# Snowblower Improvement Kit



## bob (Dec 26, 1999)

I saw this on eBay. Has anyone else used it? http://www.plowsite.com/newthread.php?action=newthread&forumid=2


----------



## cat320 (Aug 25, 2000)

bob that link goes right back to plowsite try it again.


----------



## BWhite (Sep 30, 2002)

*hey how did you do that ?*

!


----------



## bob (Dec 26, 1999)

Oops, here it is http://cgi.ebay.com/ws/eBayISAPI.dll?ViewItem&item=2309516954&category=22655


----------



## WOODY367 (Dec 19, 2002)

I bought one and it came in the mail on Sat. Haven't had a chance to put it on yet. Maybe by the weekend.


----------



## AMF-6 (Dec 9, 2003)

*Impeller Kit*

I bought one too. I haven't installed it yet. Does anyone think that maybe the additional seal will cause a smaller motor to be overworked?


----------



## AMF-6 (Dec 9, 2003)

By the way, does anyone know where I can find parts for old AMF snowblowers, specifically a 26" Huskie. Thanks.


----------



## Plow Meister (Oct 16, 2001)

That link is no longer valid for the ebay item. What is this kit?


----------



## LandscapeEscape77 (Apr 13, 2003)

Yeah-I cant get that one either-would like to see it as I constantly run snow blowers. 

Thanks


----------



## john222 (Sep 11, 2003)

Here is a link for this. This is for an auction that has already ended though.

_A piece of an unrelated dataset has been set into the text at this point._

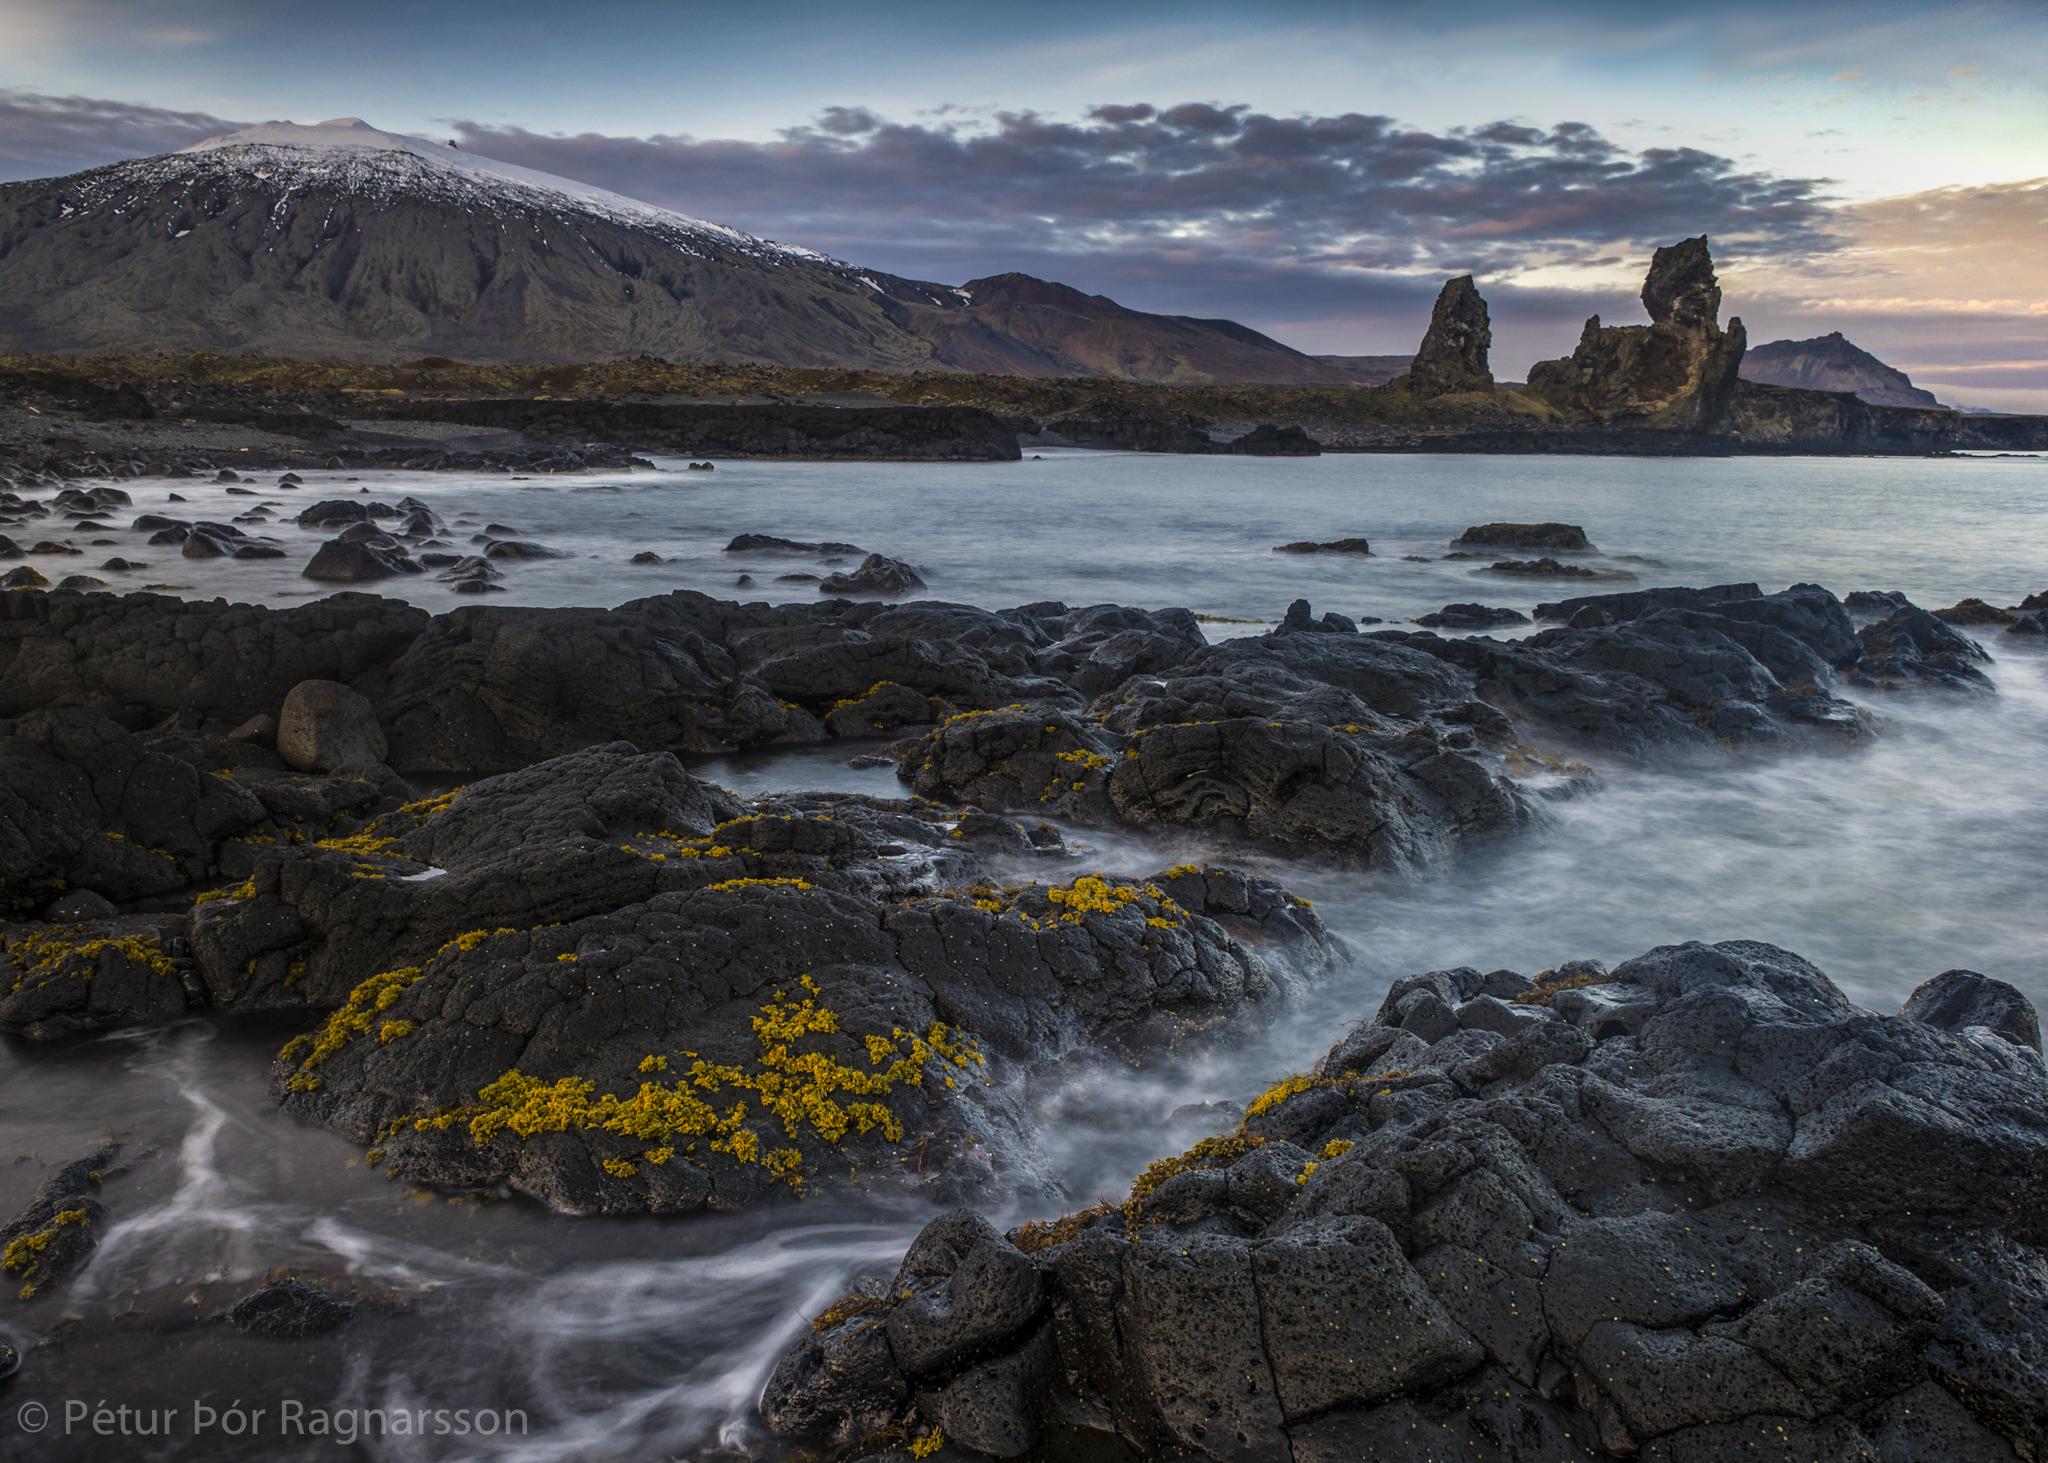 Lóndrangar seastacks with Snæfellsjökull glacier in the background

http://cgi.ebay.com/ws/eBayISAPI.dll?ViewItem&item=2365697697&category=42230


----------



## Eyesell (Nov 7, 2003)

click on seller other auctions he has 90 more for sale :bluebounc


----------



## AMF-6 (Dec 9, 2003)

To find information, search impeller kit on google or on ebay. It will say something about a 100% garauntee or 90 days.


----------



## Auggiedoggie (Dec 26, 2004)

*How tight should the auger belt be*

I have a single stage auger control yard man bantam snow bird snow thrower. I check the belt and the longest part goes about 2 inches when pressed form the center. Also the auger will stop if its clogged with wet snow. Is this a sign of a bad belt?
Thank you


----------



## Toby (Aug 29, 2003)

Here's the Ultimate Snowblower Improvement Kit...
http://www.toro.com/home/snowthrowers/snowcommander/38600.html

2 Stage Frictions from MTD/Toro/Ariens or in Honda's Case SD hydro Blowers Are Pretty Much redundant, unproductive and labour intensive Junk For Commercial Use.........IMO.


----------



## john222 (Sep 11, 2003)

http://cgi.ebay.com/ws/eBayISAPI.dll?ViewItem&category=42230&item=4349277208&rd=1&ssPageName=WDVW


----------



## bobingardner (Jul 18, 2004)

Welcome Auggiedoggie,

It does sound like the belt is worn or loose. I tried to find an owner's manual on the web but all I came up with was this MTD site.  I believe they make yardman products. They have e-manuals but you need to enter your model and serial numbers. Good luck.

bob


----------



## vis (Nov 20, 2004)

any1 ever used one of these? i would find the extra distance extremely helpful so i avoid blowing the snow 2 times in a wide area..


----------



## Twins_Lawn_Care (Jan 19, 2004)

I have not used them, but working in the fan industry, the theory is correct. The "gap" between the impeller and housing is the key factor in improving airflow and pressure build up, and in this case, snow-flow. I would think so long as the unit had the horsepower to accomodate the extra snow, it would be great. Seems it would prevent less snow from being recirculated before being thrown, and thus redundant work.


----------



## Robert Whitebre (Jan 7, 2005)

*AMF snowblowers*

I hsve an old AMF snowblower, does any one know where I can get parts for it?


AMF-6 said:


> By the way, does anyone know where I can find parts for old AMF snowblowers, specifically a 26" Huskie. Thanks.


----------